As a gardener and professor of horticulture at the University of Wisconsin, Madison, Dr. Shelley Jansky was confident she knew a lot about plants—with good reason. Then she discovered native plants, and everything changed. Especially her yard.
I have been a gardener for as long as I can remember, but I’ve only recently discovered the
many joys of working with native plants. In the past, my goal was to create a pleasing
arrangement of plants that, once established, would be predictable and constant over time.
Now, I think of myself as working alongside Mother Nature, embracing diversity and change.
This transition has required destructive processes in my gardens and in my way of thinking.
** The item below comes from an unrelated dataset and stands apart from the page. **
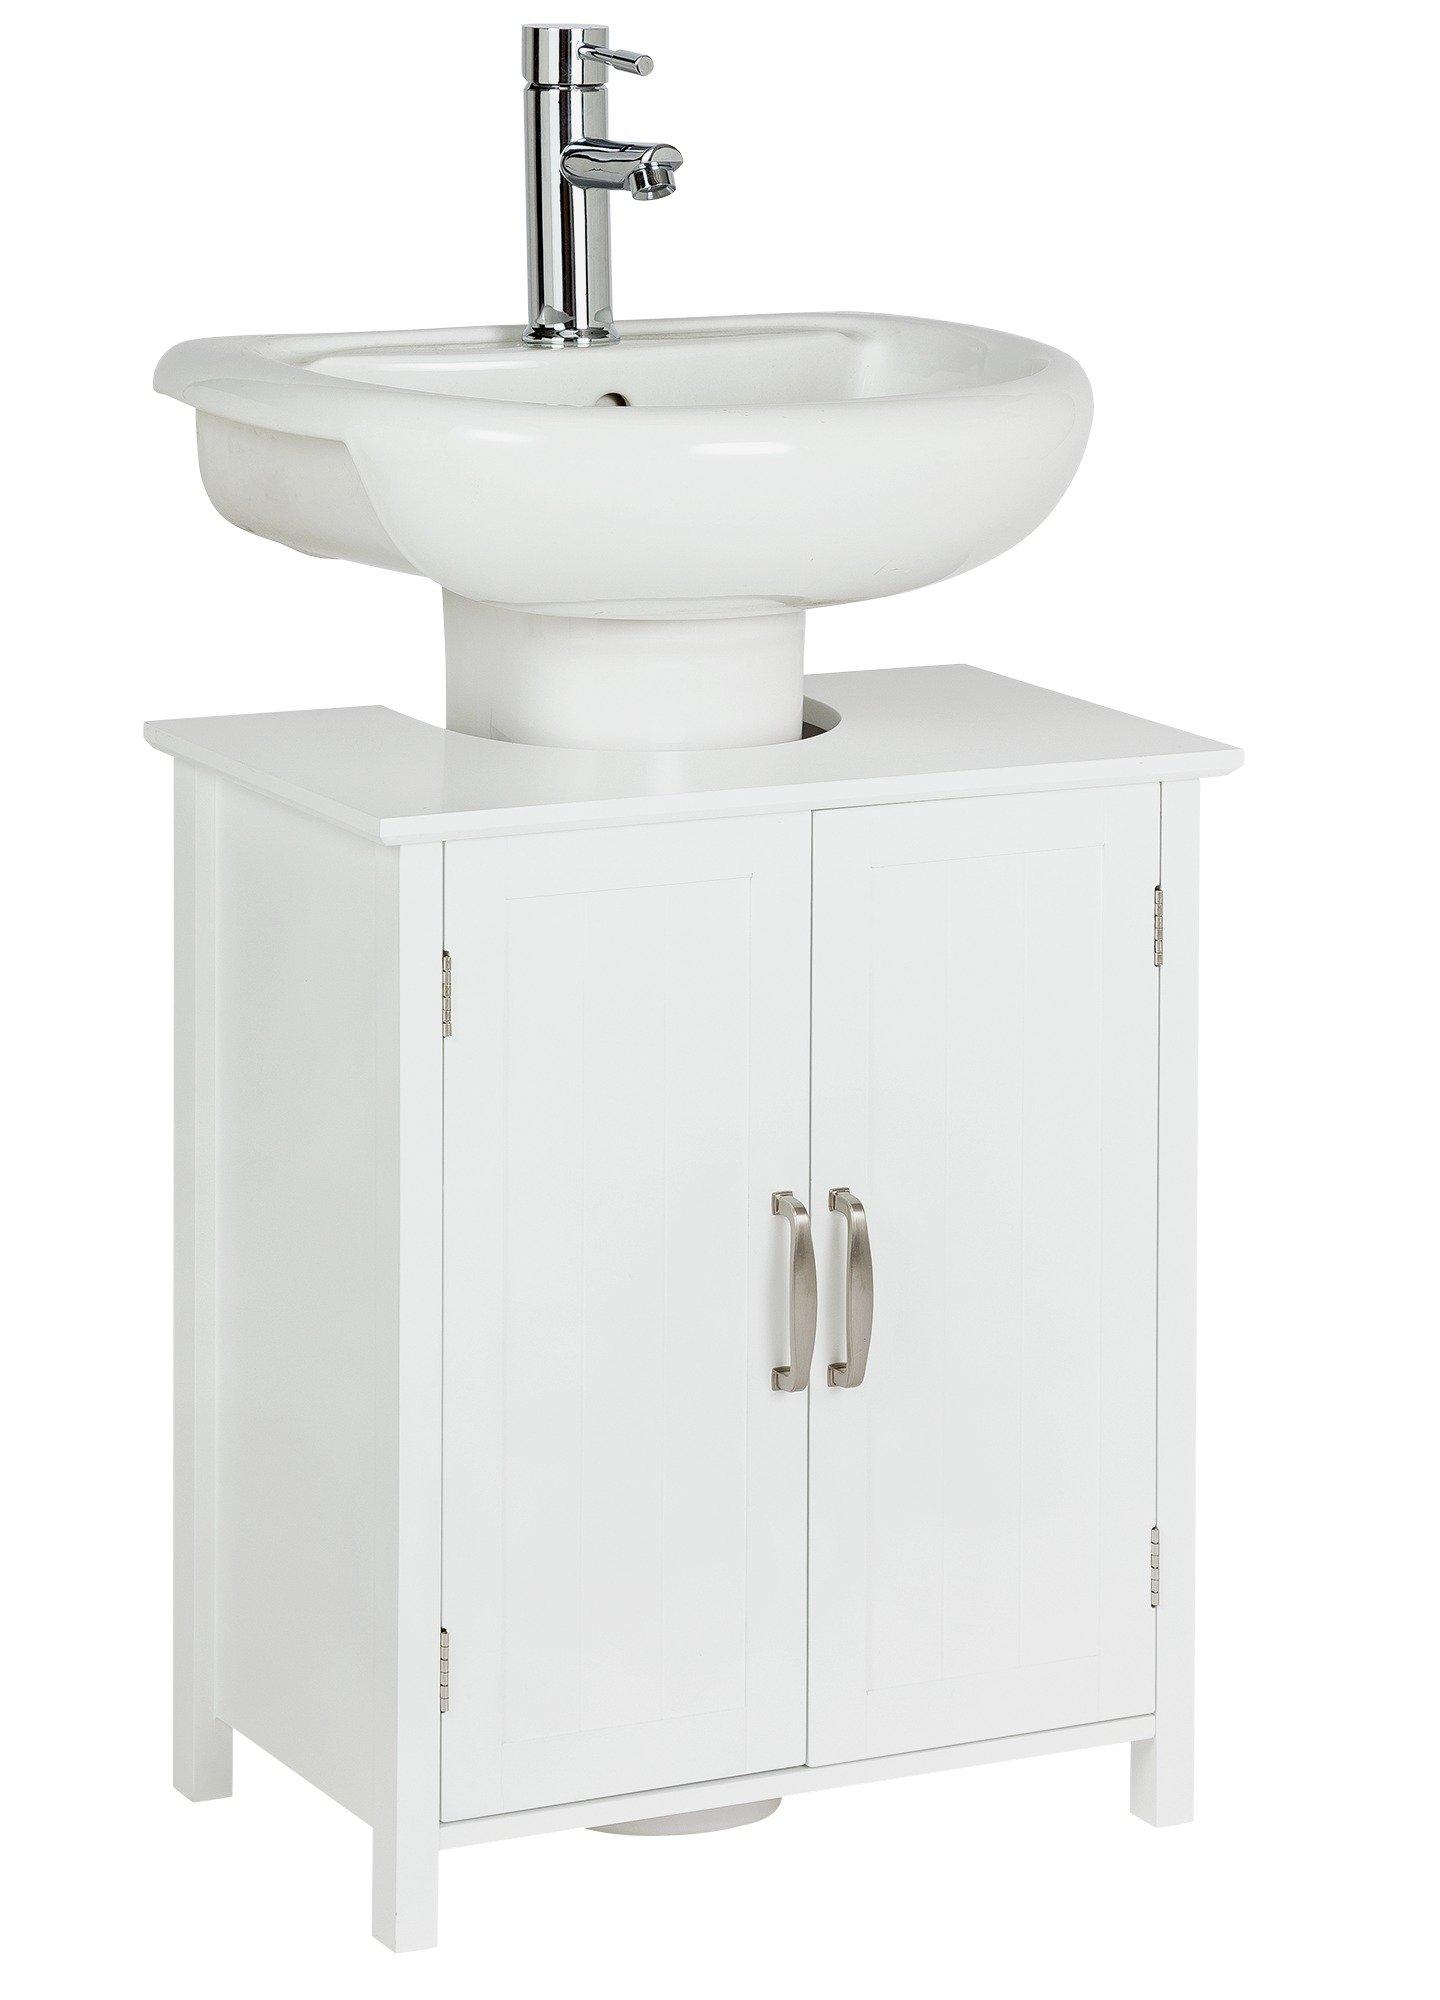 Buy Argos Home Tongue And Groove Undersink Storage Unit   White | Bathroom  Shelves And Storage Units | Argos

The rewards, though, have been more than I ever would have imagined.
—Shelley Jansky
Jansky will discuss her journey in a special guest talk, “Embracing Native Plants: Trials and Tribulations,” at 6 p.m. ET, Tuesday, May 21 on Zoom.
You can click here to join the meeting. The regular chapter board meeting will follow; all are welcome to attend.
Clockwise from upper left are images from Jansky’s garden: a bumblebee on a wild bergemot, a bottle gentian seedling, some of her thousands of homegrown transplants, Jansky transplanting seedlings, a wasp heading toward a red milkweed, and some very healthy plugs of great blue lobelia.